I’m sort of dreading today’s work. I’ve neglected the two top-bar hives I keep at the Veteran’s Memorial Community Garden in the East End. I let them go it alone for too long, and they’ve built a hive of cross comb. It’s bad.
So, today I’m determined to take my rubber bands and my zip ties and my serrated knife and get things straightened out over there.
To make matters worse, one of the colonies creating severe cross comb is also living in one of the hive bodies that succumbed to a TBH design flaw. Some of the cedar fencing I use for the hive bodies is simply too thin to hold the weight of a hive full of bars loaded with bees and comb and honey. Under tremendous weight, the cedar siding begins to bow. When the siding bows out, the top bars, which usually rest on the edge of the siding, slip down so that the comb squishes onto the bottom of the hive. And in this recent heat, the wax melts on the floor of the hive.
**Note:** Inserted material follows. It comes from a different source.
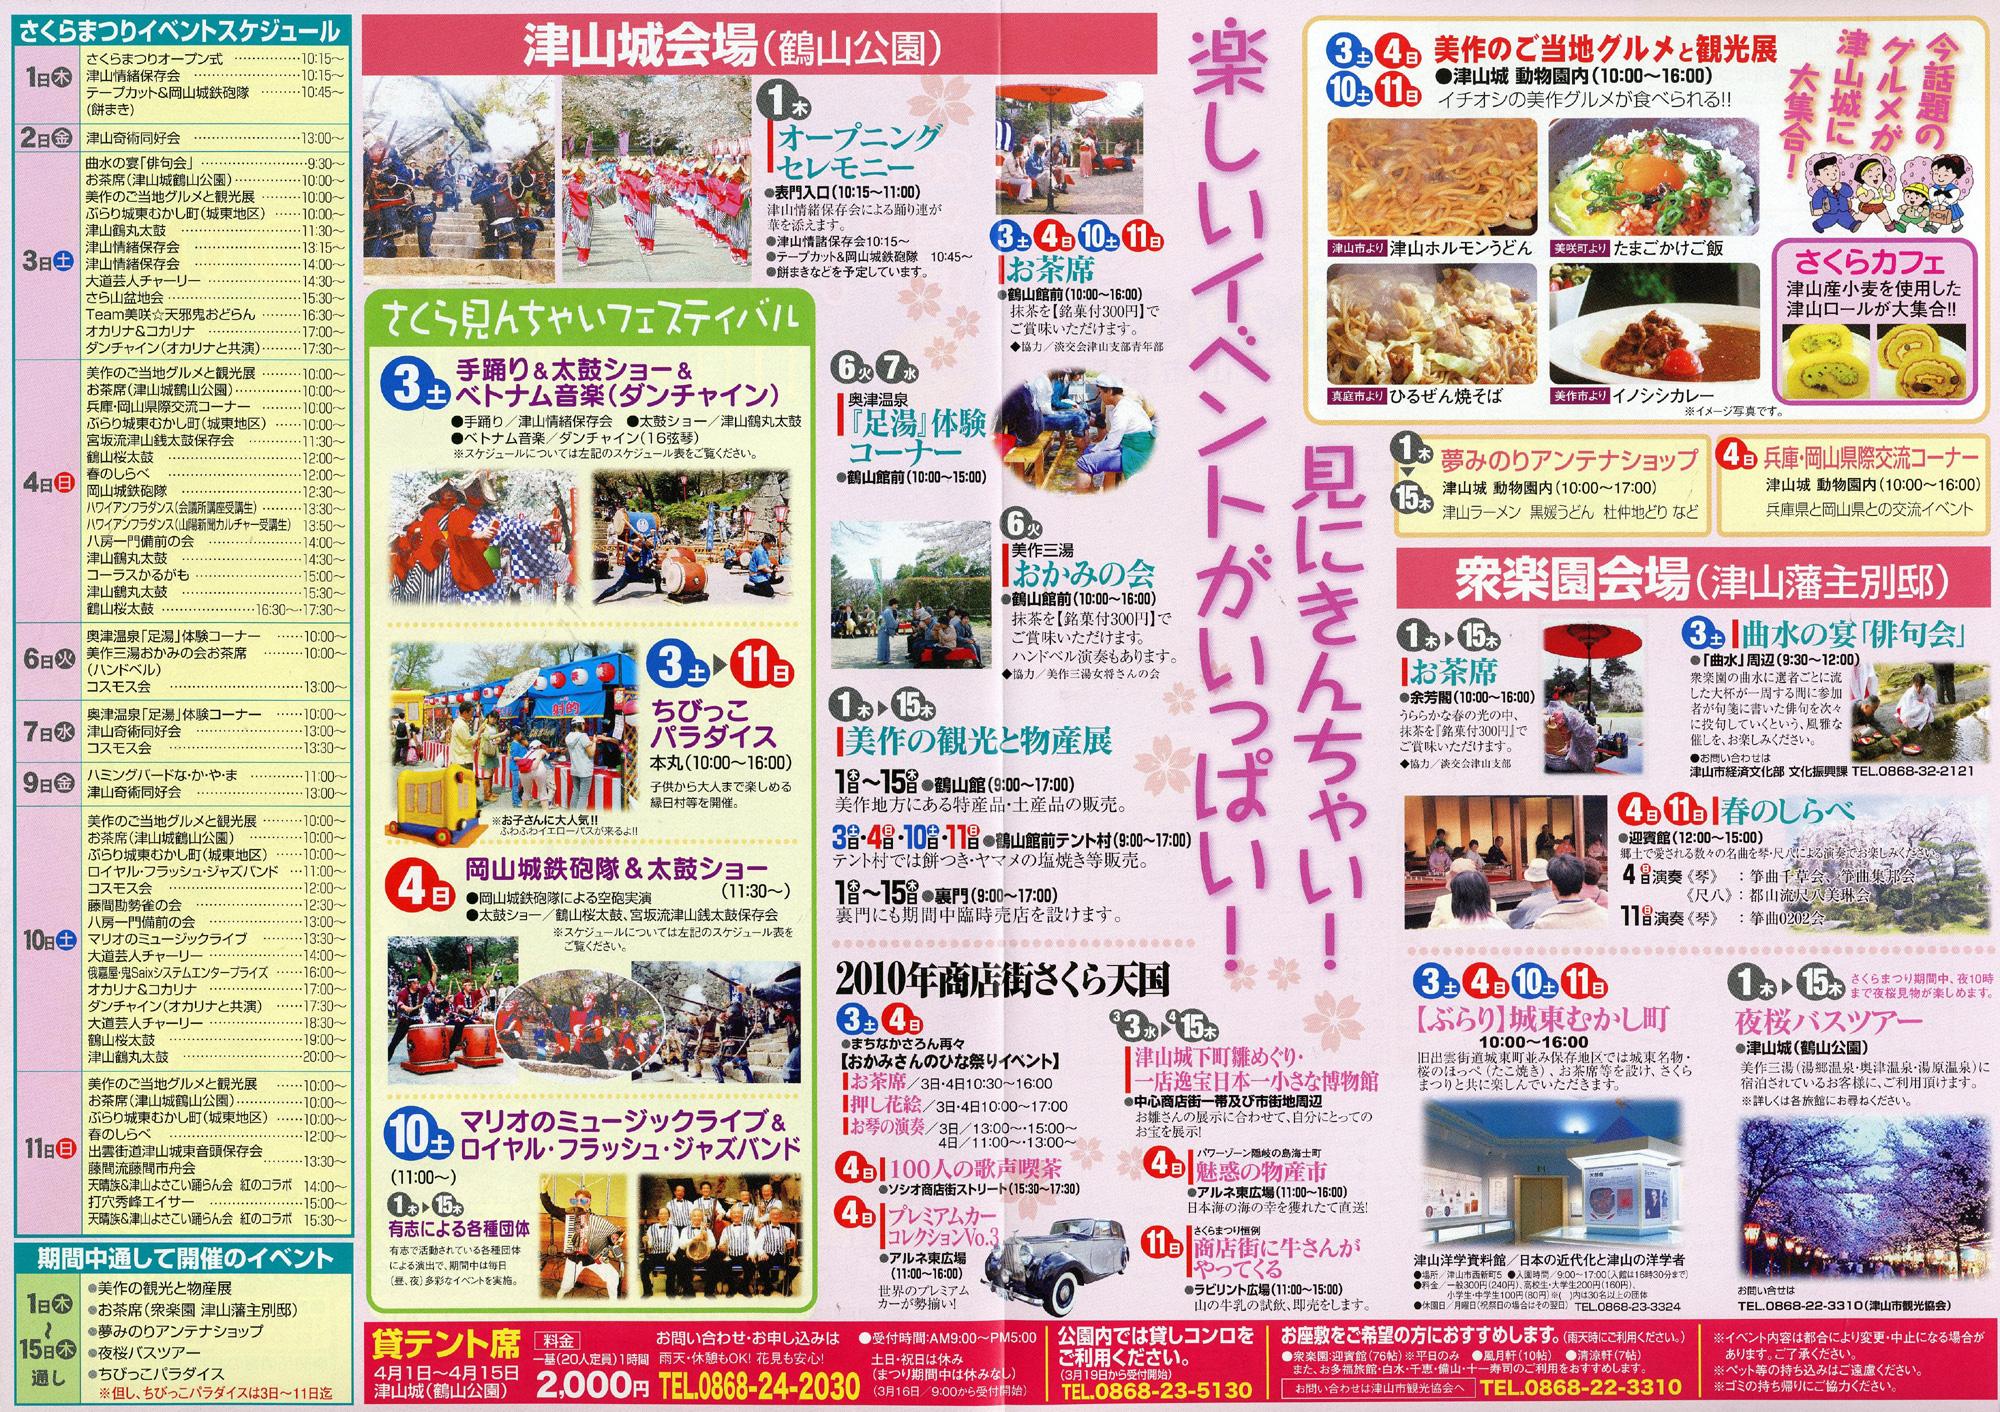 津山鶴山公園の「津山さくらまつり」
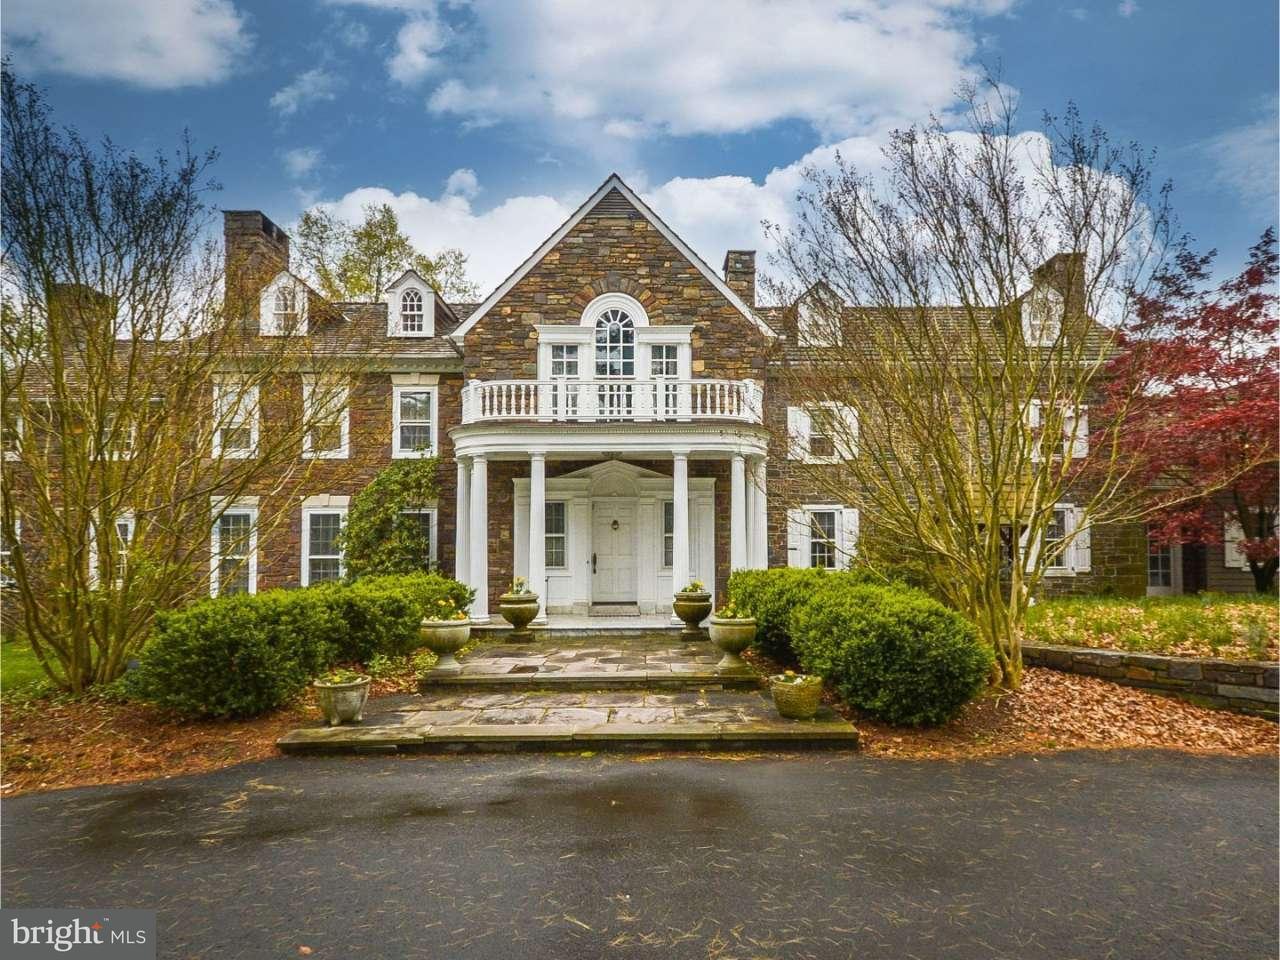 Частный односемейный дом для того Продажа на 1070 EAGLE Road Newtown, Пенсильвания 18940 Соединенные Штаты

None of this is good.
I’m gonna face the music today (because our high temperatures should only reach 80 degrees…which means I can work with the comb without it disintegrating in my hands). I intend to spend hours doing right by the bees that I previously neglected.
Comb by comb, I’ll cut the cross comb from the bars. Then I’ll reattach the straightened comb to its bar using either rubber bands or zip ties. Or both. Then I’ll place the newly reattached comb into a new, improved TBH.
I will reward myself with lunch at Eli’s. :)
I’ll take pictures of it for you. If I remember.
I expect to run into Joe Cocoran there. Talk about a ball of fire.